Reproduce the listing below from the line with "Calle del Cristro" to the line with "Photo of Apfeltorte", both lines included, character for character, minus any pictures.

▶ **Data provided**

+---+

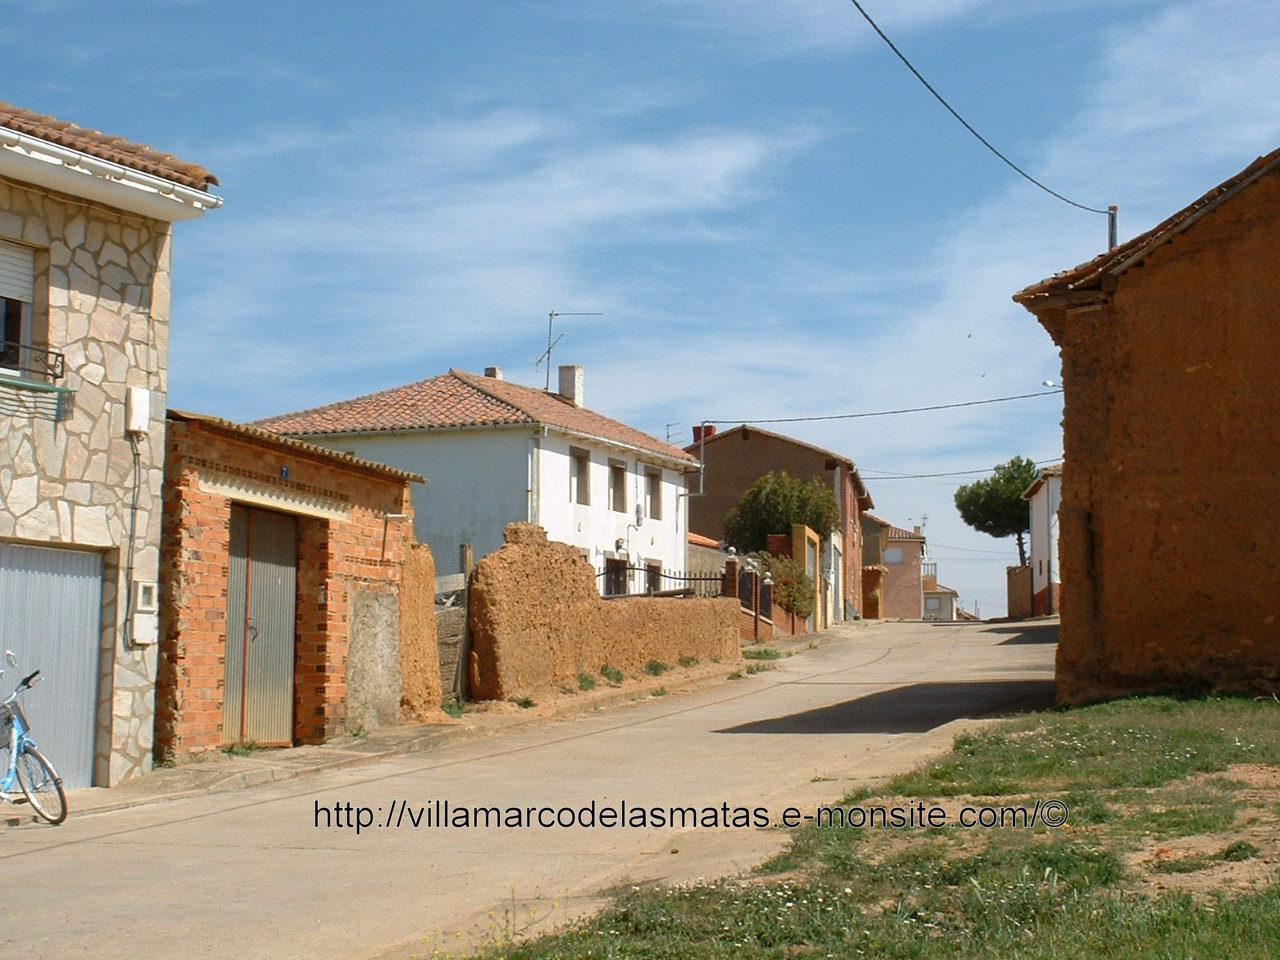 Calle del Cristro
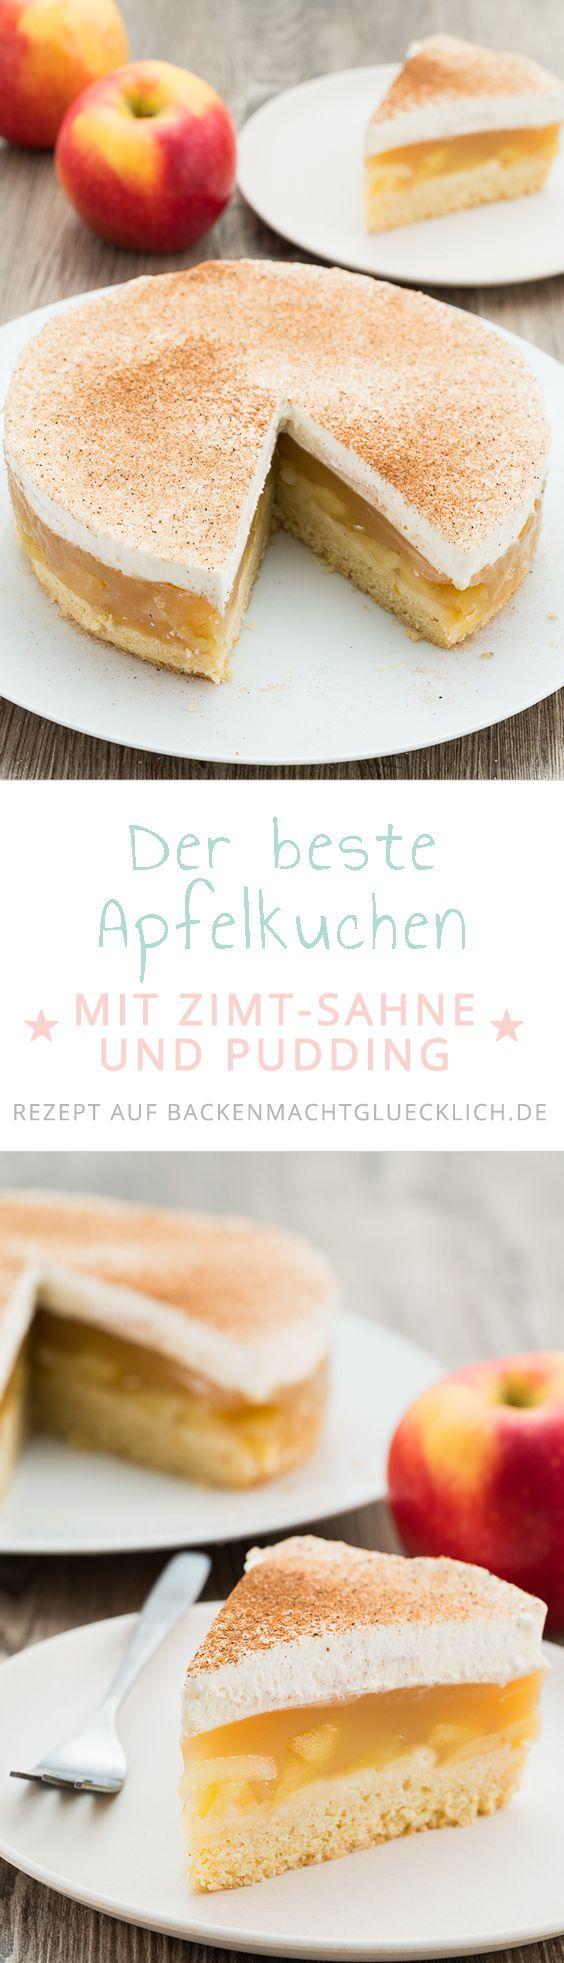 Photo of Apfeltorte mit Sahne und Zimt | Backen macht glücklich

+---+

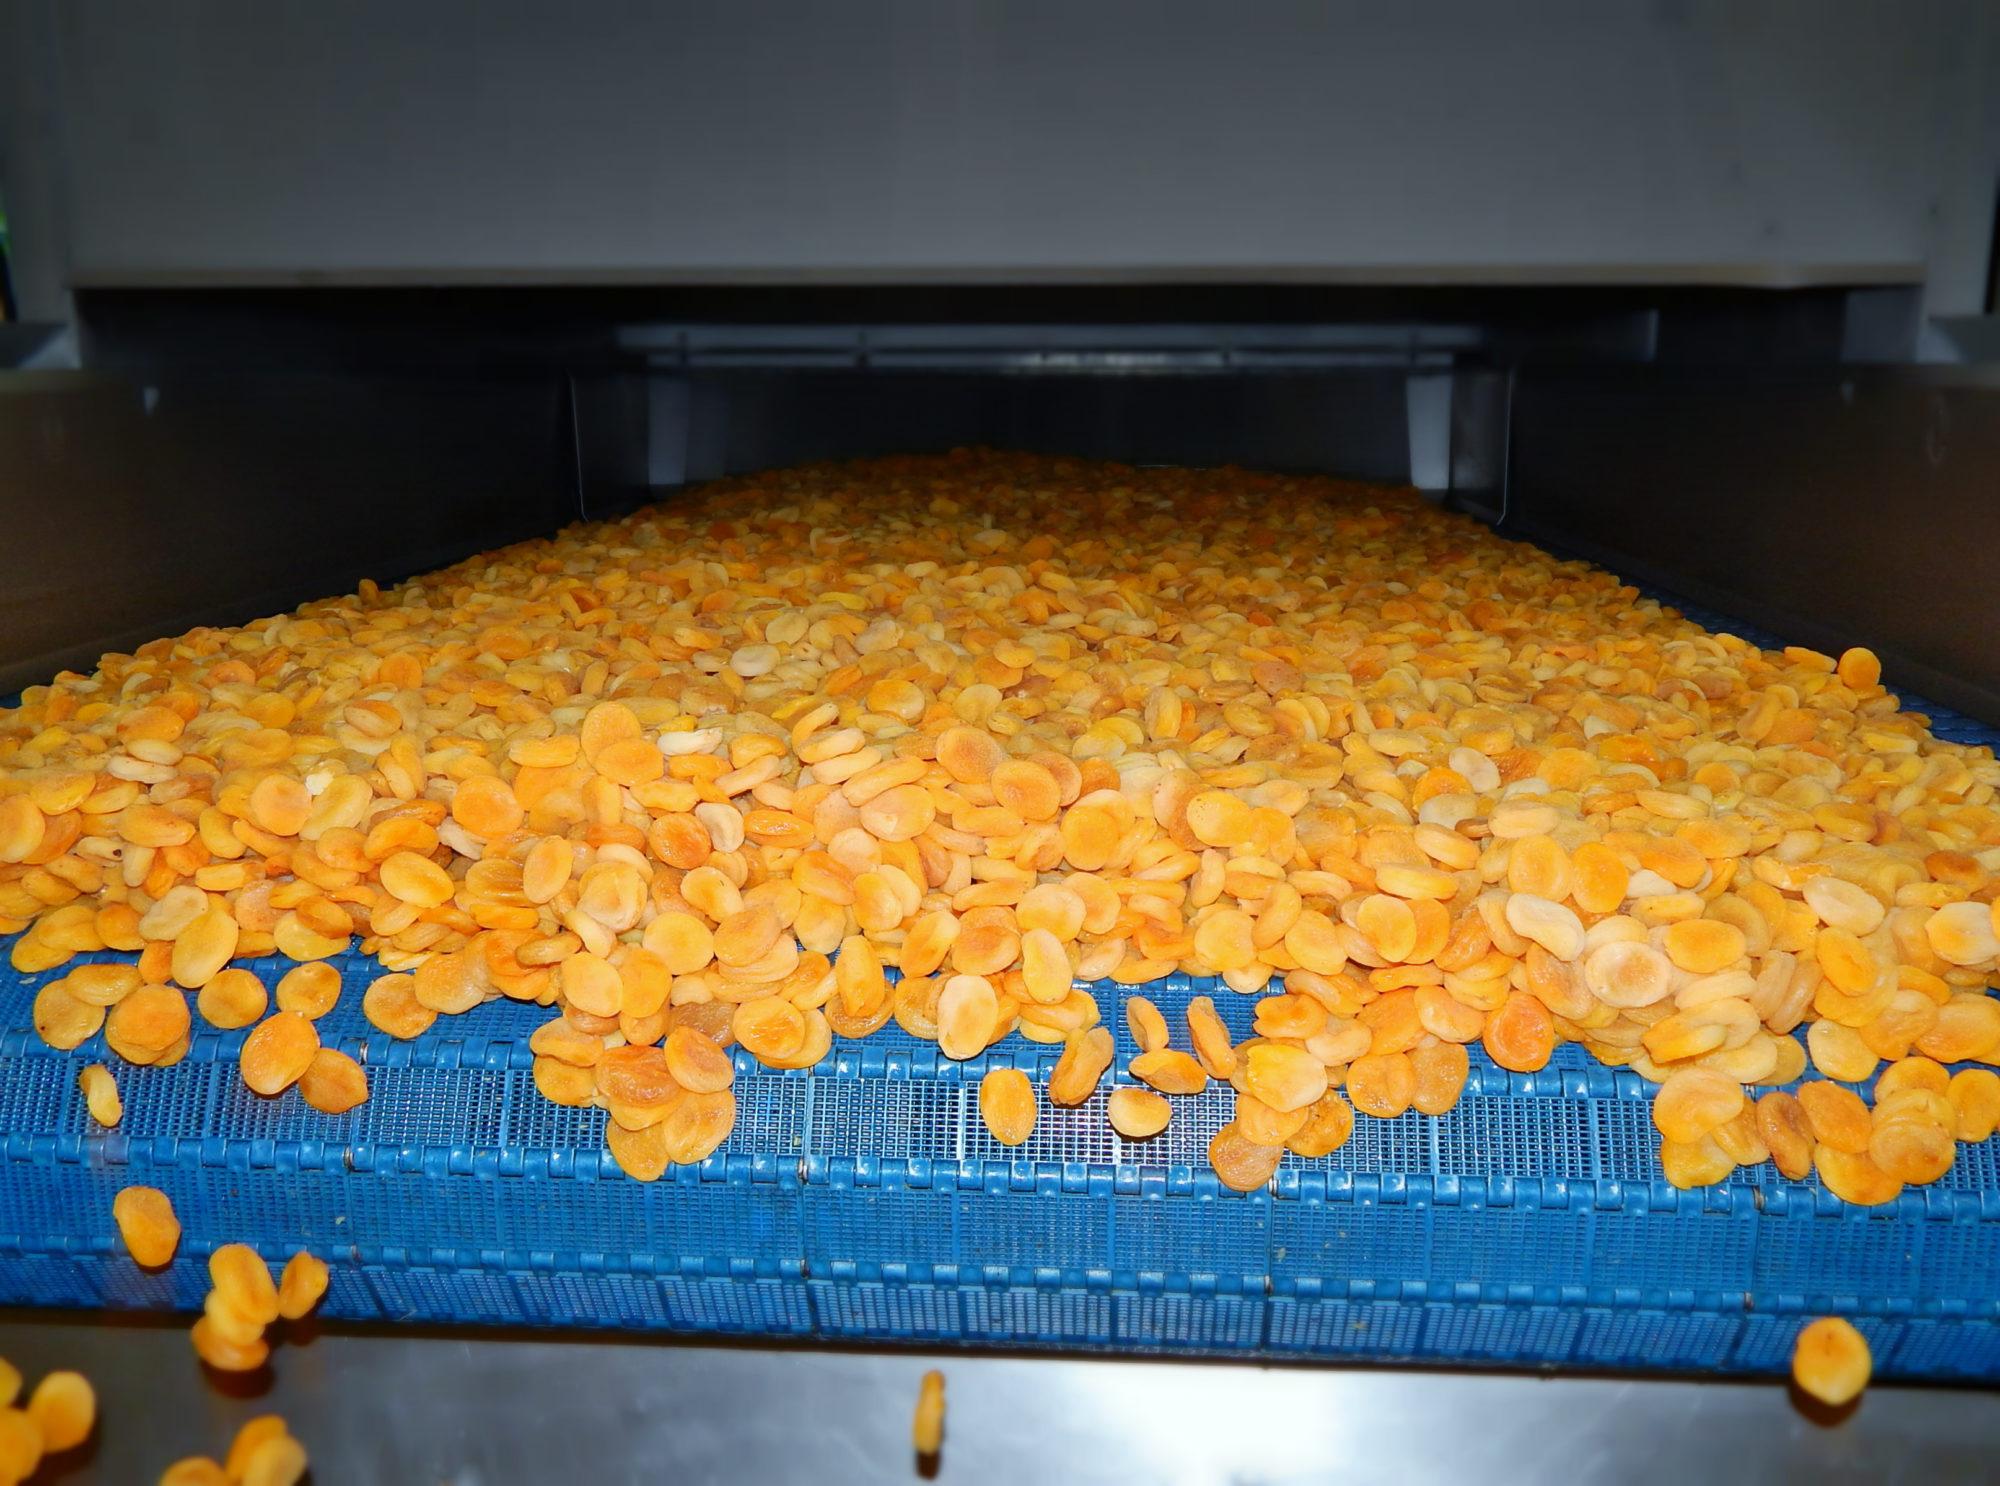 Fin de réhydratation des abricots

+---+

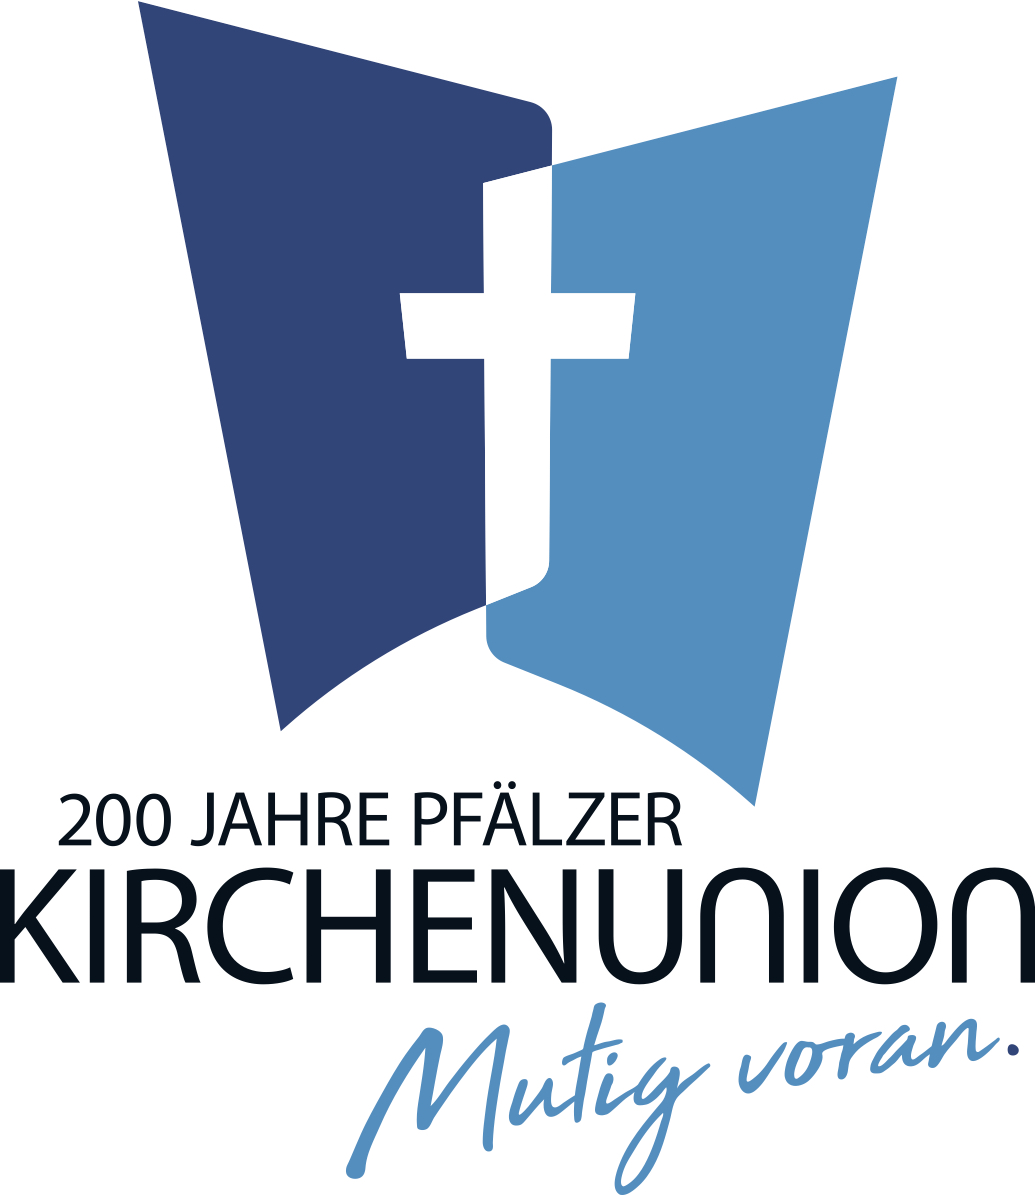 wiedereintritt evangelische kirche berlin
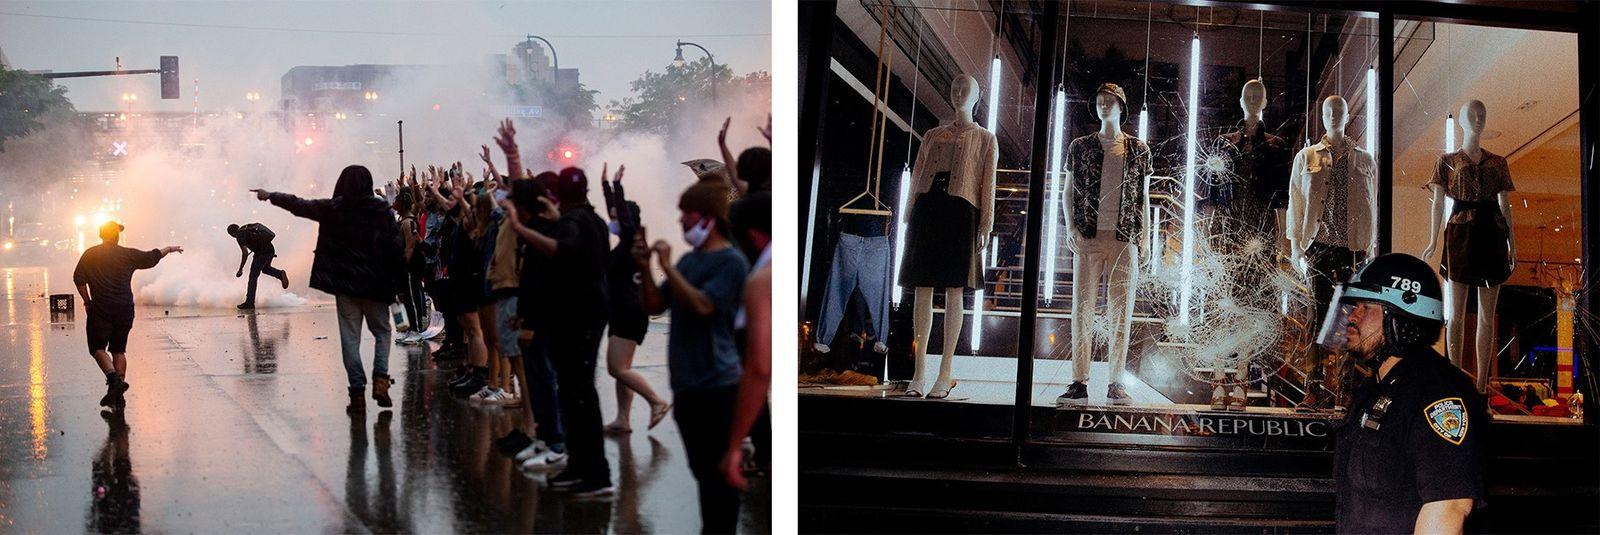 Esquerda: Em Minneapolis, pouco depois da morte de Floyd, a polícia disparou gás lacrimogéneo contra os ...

+---+

▶ **Answer box**
 Calle del Cristro
 Photo of Apfeltorte mit Sahne und Zimt | Backen macht glücklich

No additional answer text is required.